Netto to Netto adapter
Same as the Netto-to-Mieuxa adapter but with the male plug sized for a Netto neck. The canisters are the same height so no extra length is needed.
Netto cap
A full can travels back to the toilet, then sits there between uses. Without a cap it sloshes on the way and gathers dust at the rim.
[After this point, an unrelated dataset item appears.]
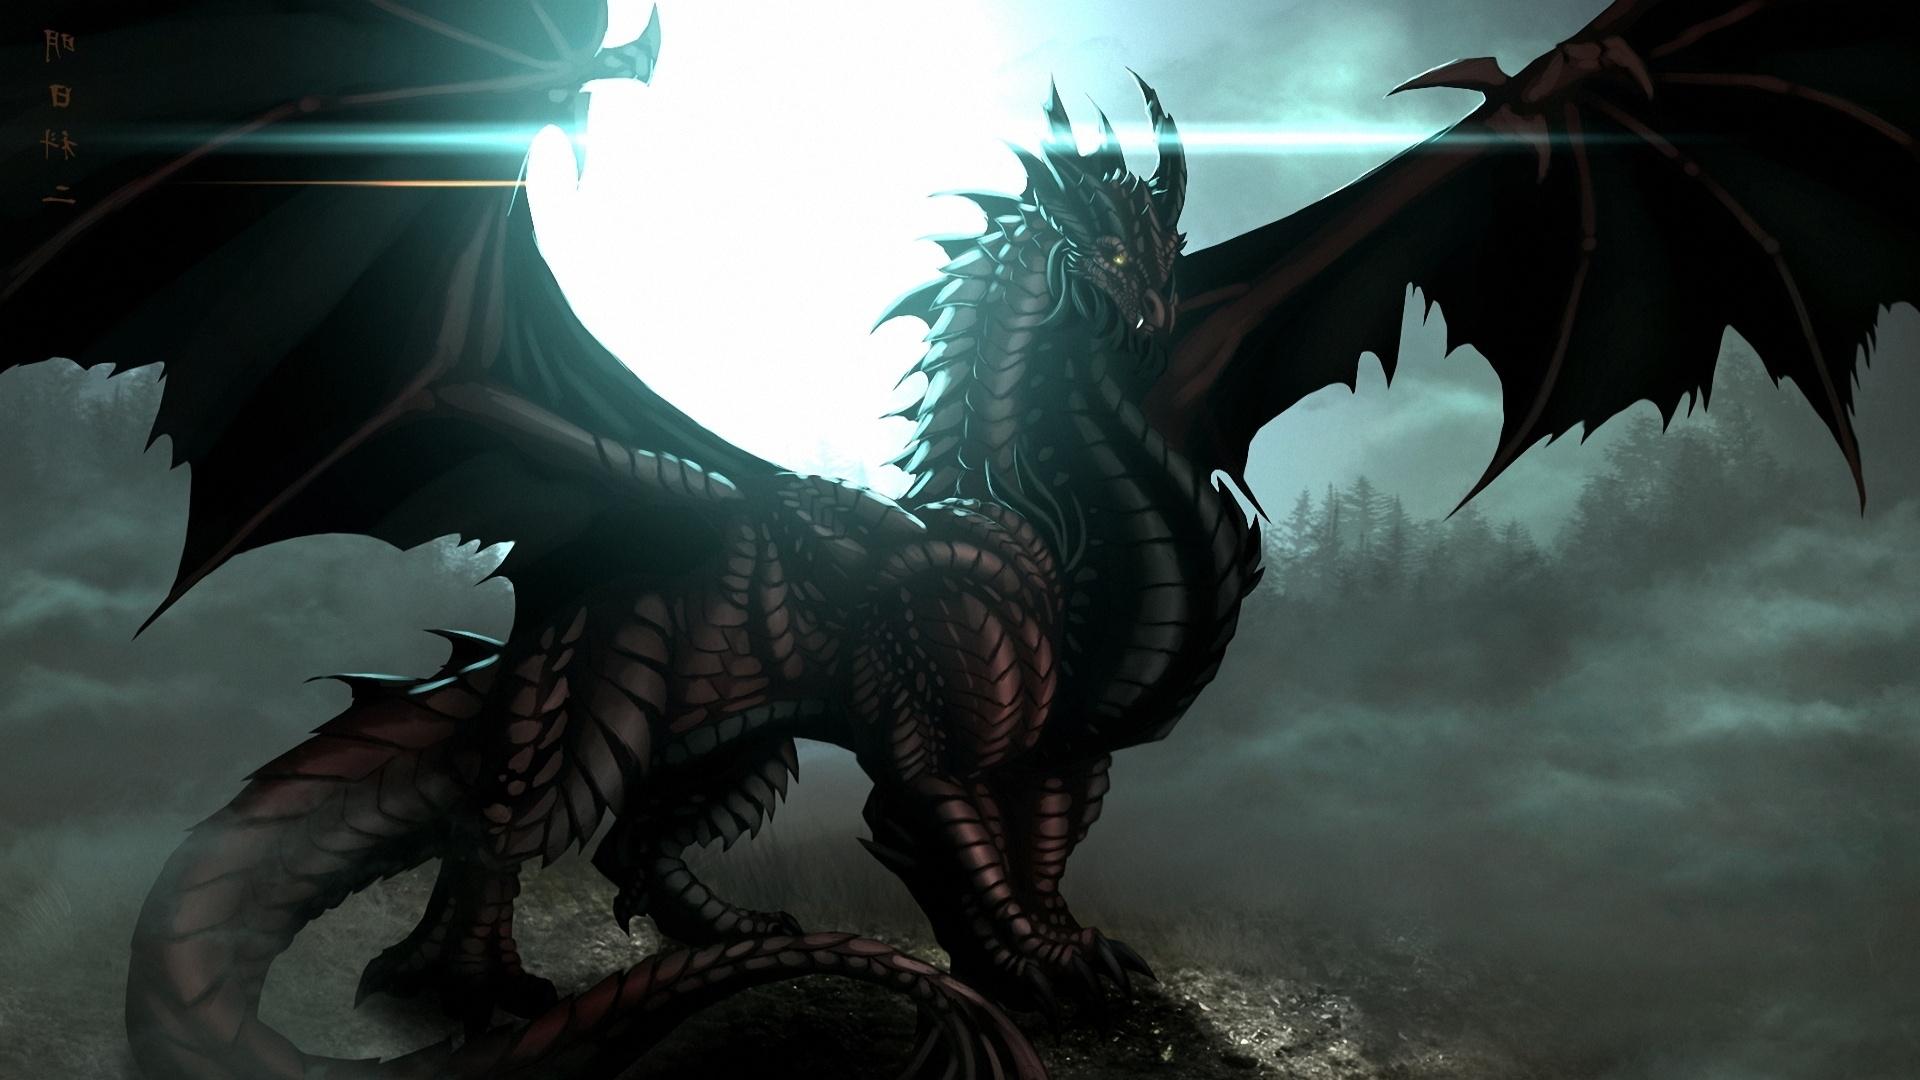 dragon wallpaper hd HD 1920x1080

The same wedging cone the downspout uses plugs the neck cleanly; a flat grip on top closes it.
CAP_PLUG_LENGTH = 12
CAP_GRIP_DIAMETER = NECK_INNER_D + 5
CAP_GRIP_THICKNESS = 3
The plug stays hollow — a solid cone wastes plastic — and the grip disk seals it from above, so water never reaches the inside.
cap = cone(
cq.Workplane("XY"),
height=CAP_PLUG_LENGTH,
inner_top=NECK_INNER_D - 2 * DOWNSPOUT_WALL,
inner_bottom=NECK_INNER_D - 2 * DOWNSPOUT_WALL,
outer_top=NECK_INNER_D + DOWNSPOUT_CLEARANCE,
outer_bottom=NECK_INNER_D - DOWNSPOUT_CLEARANCE,
)
cap = (
cap.faces(">Z").workplane()
.circle(CAP_GRIP_DIAMETER / 2)
.extrude(CAP_GRIP_THICKNESS)
)
The cone wedges in tightly but water still seeps along the print’s layer stripes when the can travels full. PTFE tape wrapped around the plug seals those grooves well but is shaved off after a handful of open/close cycles. Silicone grease should hold much longer — it redistributes at each insertion instead of being scraped off — and is the next thing to try. Multi-purpose lithium grease is not a substitute: it washes out in water and can attack the plastic.
Let’s see what the cap looks like.
Visualising them together
Exploded and assembled views of the three parts together.
The result
Every part prints clean on a 0.4 mm nozzle with Bambu Studio’s Extra Draft preset — no tuning needed.